Starting with the 2nd index of array2[], we are going to check if the 2nd index of arrays2 finds a similar number in array1[i] and it found it as 7. So we are going to break the loop and do i++.

Starting with the 1st index of array2[], we are going to check if the 1st index of arrays2 finds a similar number in array1[i] and 1 found it. So we are going to break the loop and do i++.
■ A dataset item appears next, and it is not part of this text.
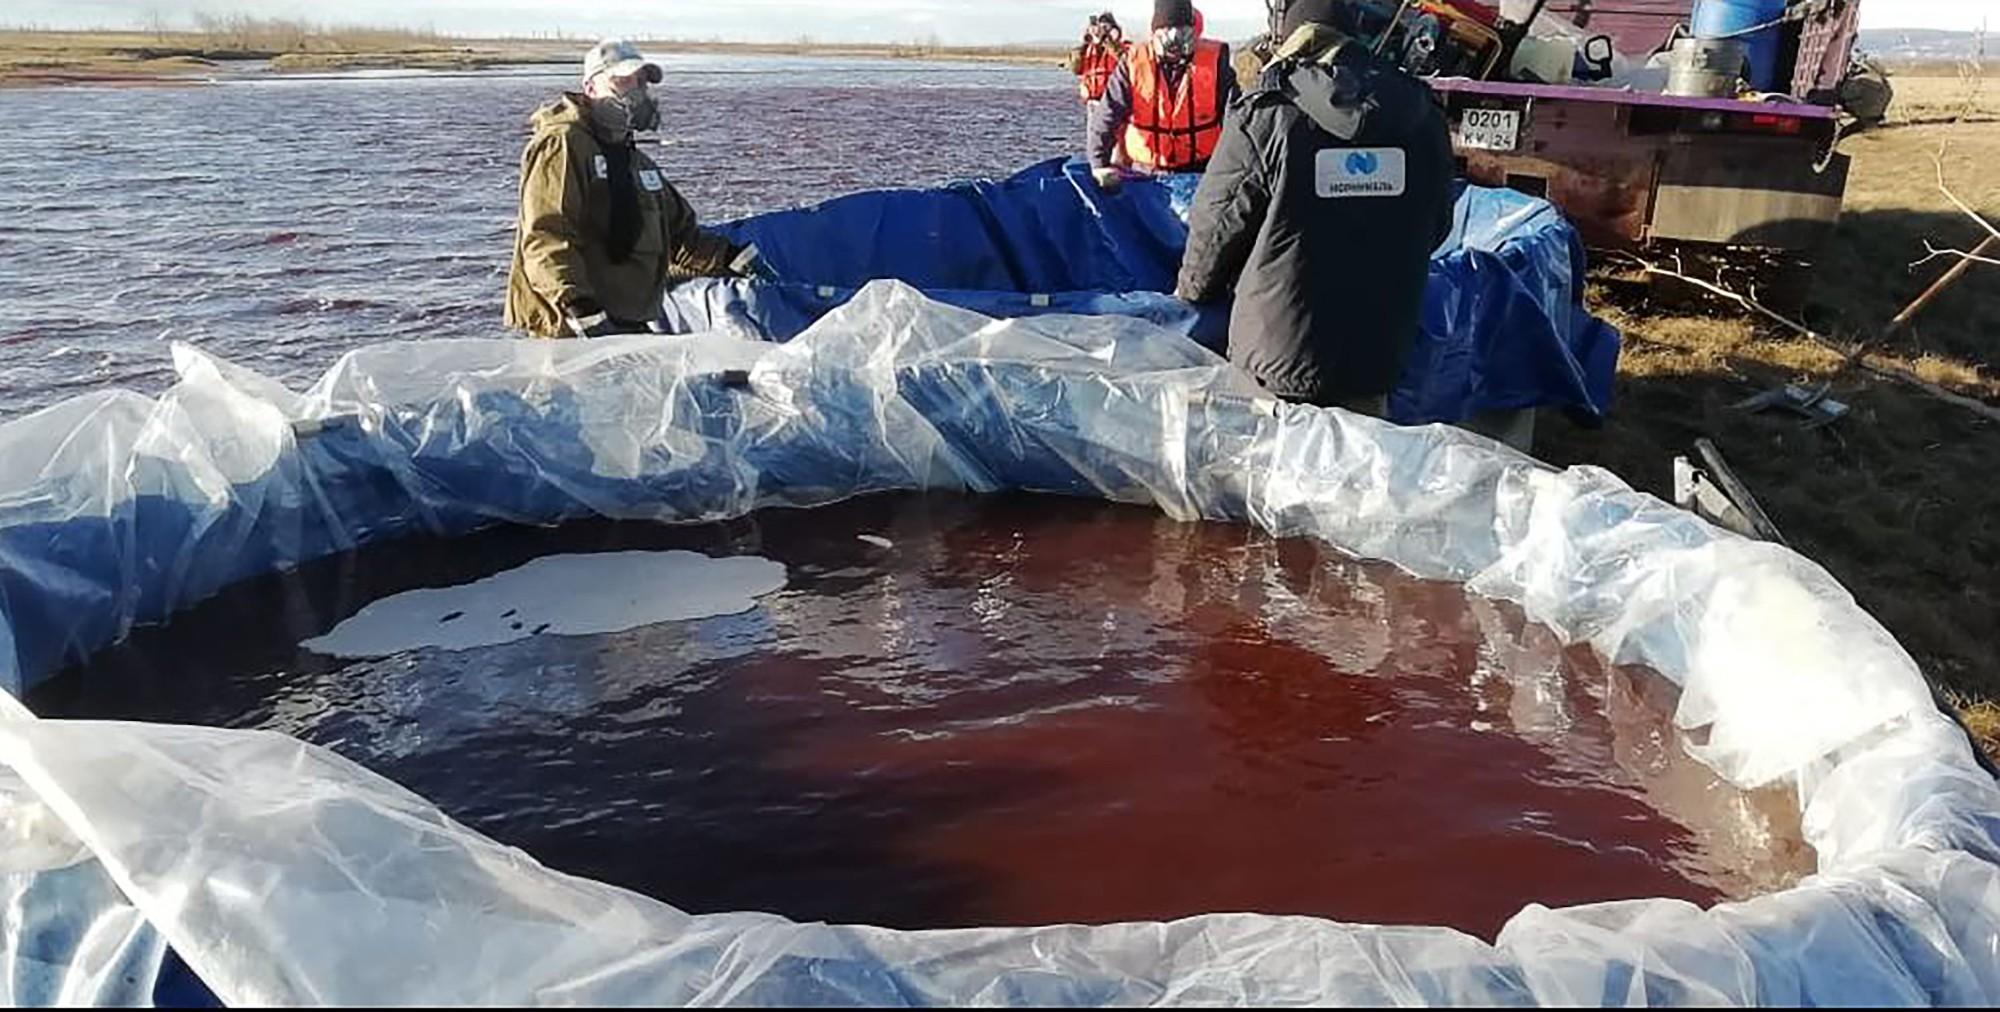 Vladimir Putin declara estado de emergência na Sibéria após vazamento de diesel em rio
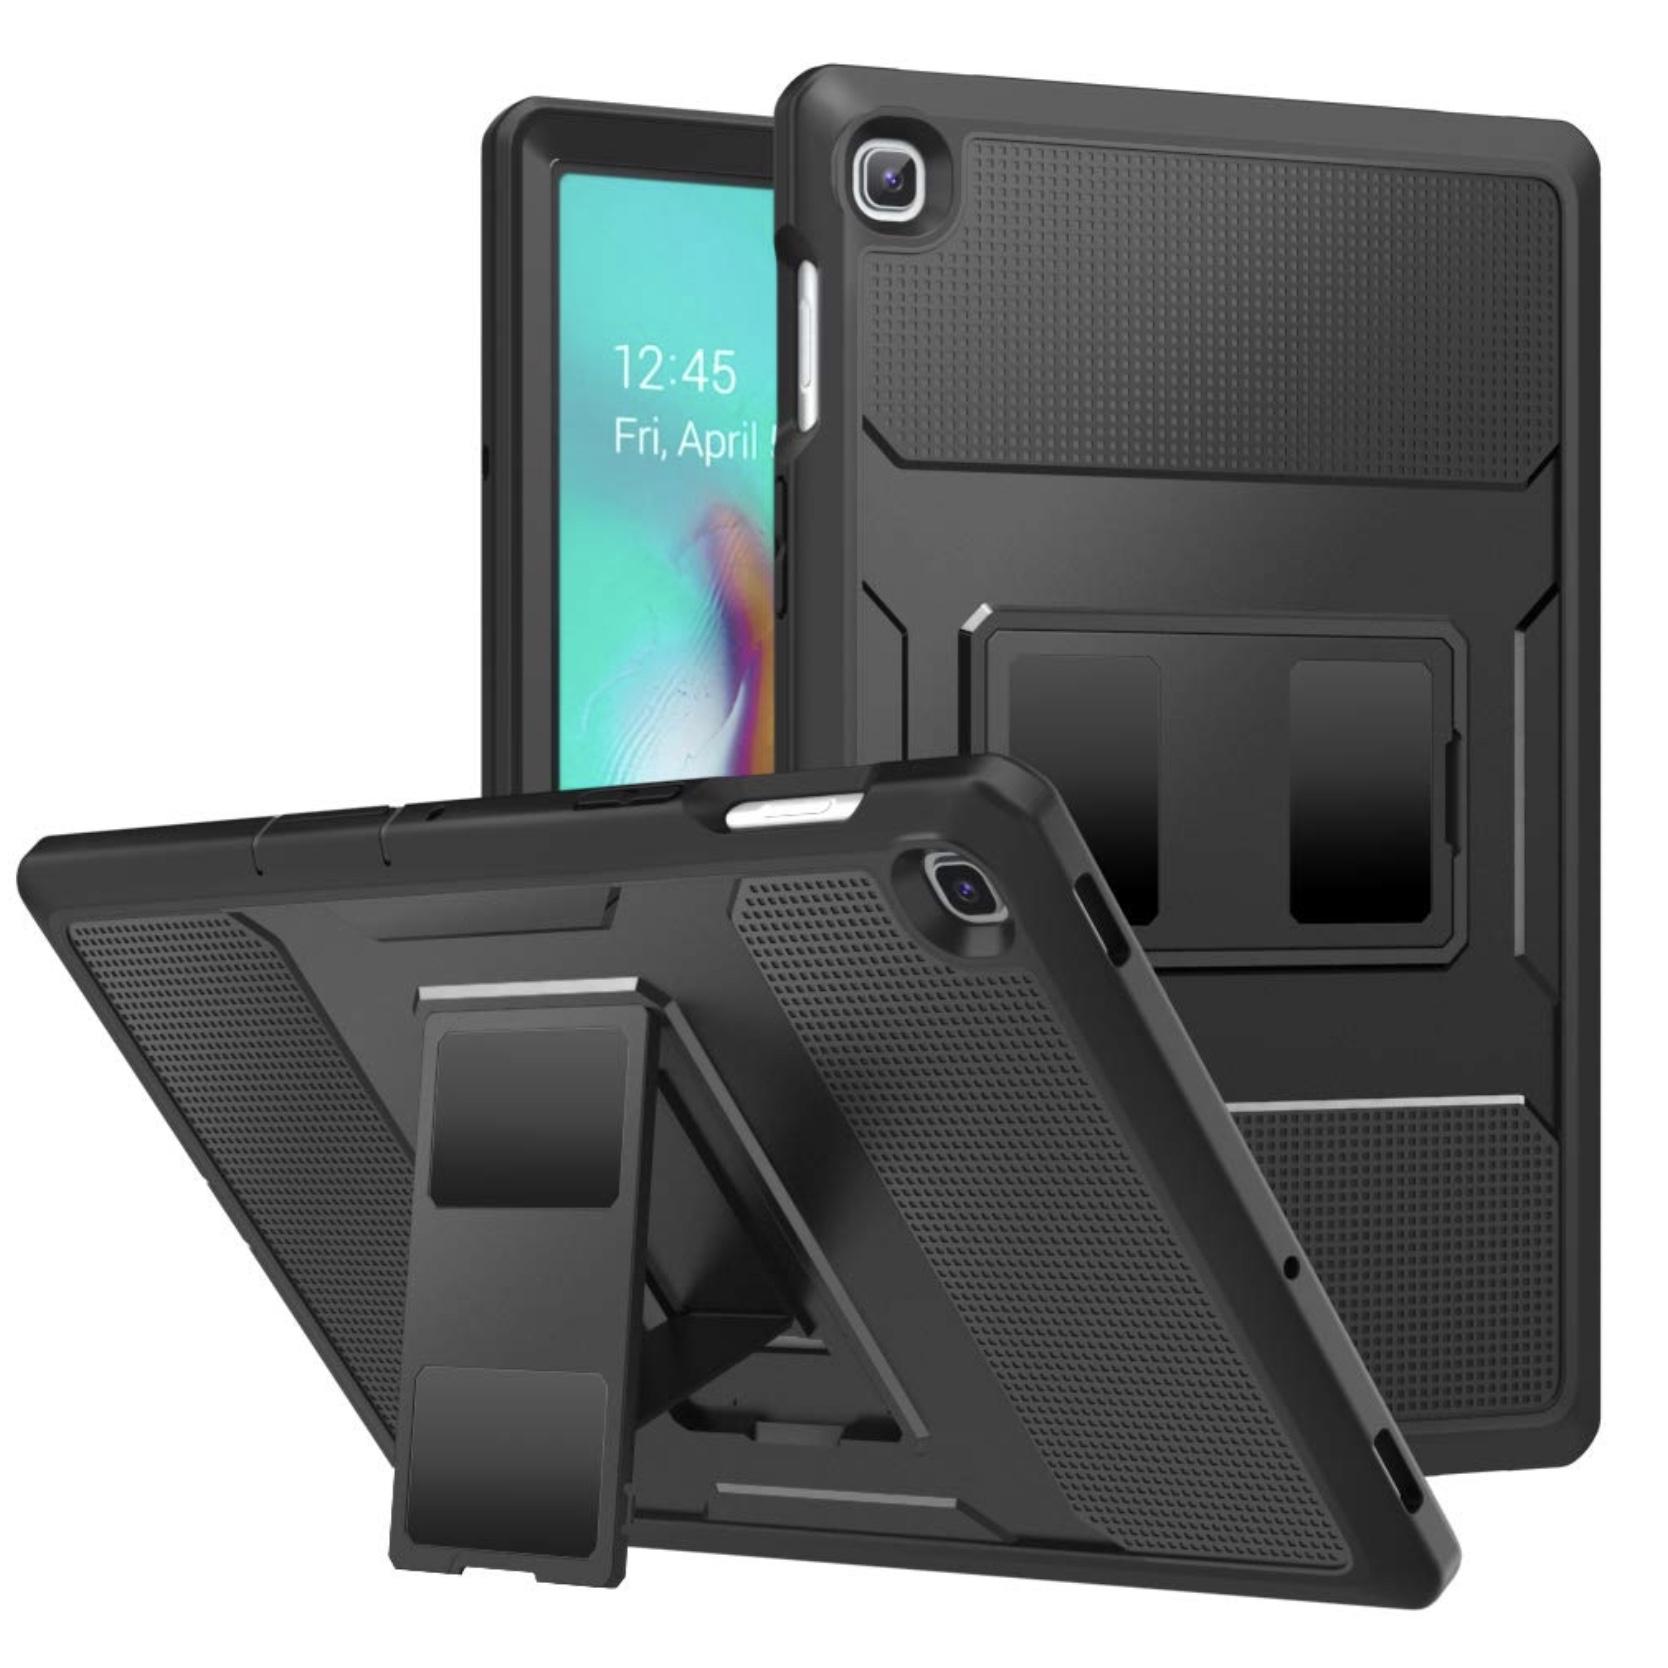 Galaxy TAB S5e 10.5p Coque de protection Pied amovible et film rigide ecran Sidney

And about if condition which is represented as if ( j = = m ) this means, if in any of the iteration if any of array2’s element is not found in array1[], means it comes out of the loop without breaking it means ‘j’ with a value equal to the length of the array1[] that means we didn’t find one of the elements similar in array1[] and we return false because subset consists all of the element of the given set and we didn’t find one.

Code

C++ code to find whether an array is subset of another array

#include <iostream>
using namespace std;

bool isSubset(int arr1[], int arr2[], int l1, int l2)
{
    int i,j;
    for(i=0; i<l2; i++)
    {

        for(j=0; j<l1; j++)
        {
            if(arr2[i]==arr1[j])
                break;
        }
        if(j==l1)
            return false;
    }
    return true;
}
int main()
{
    int arr1[] = {1, 2, 3, 4, 5, 6};
    int arr2[] = {1, 3, 5};

    int l1=sizeof(arr1)/sizeof(arr1[0]);
    int l2=sizeof(arr2)/sizeof(arr2[0]);
    if(isSubset(arr1,arr2,l1,l2))
    {
        cout<<"arr2[] is a subset of arr1[]";
    }
    else
    {
        cout <<"arr2[] is not a subset of arr1[]"<<endl;
    }
    return 0;
}
arr2[] is a subset of arr1[]

Java code to find whether an array is subset of another array

class isArraySubset
{
    public static boolean isSubset(int arr1[],int arr2[], int l1, int l2)
    {
        int i = 0;
        int j = 0;
        for (i = 0; i < l2; i++)
        {
            for (j = 0; j < l1; j++)
            {
                if(arr2[i] == arr1[j])
                {
                    break;
                }
            }
            if (j == l1)
                return false;
        }
        return true;
    }
    public static void main(String args[])
    {
        int arr1[] = {1, 2, 3, 4, 5, 6};
        int arr2[] = {1, 3, 5};

        int l1 = arr1.length;
        int l2 = arr2.length;

        if(isSubset(arr1, arr2, l1, l2))
        {
            System.out.println("arr2[] is a subset of arr1[]");
        }
        else
        {
            System.out.println("arr2[] is not a subset of arr1[]");
        }
    }
}
arr2[] is a subset of arr1[]

Complexity Analysis

Time Complexity

O(m*n) where “m” is the size of arr1 and “n” is the size of arr2. Because we have used nested loops, making the time complexity polynomial.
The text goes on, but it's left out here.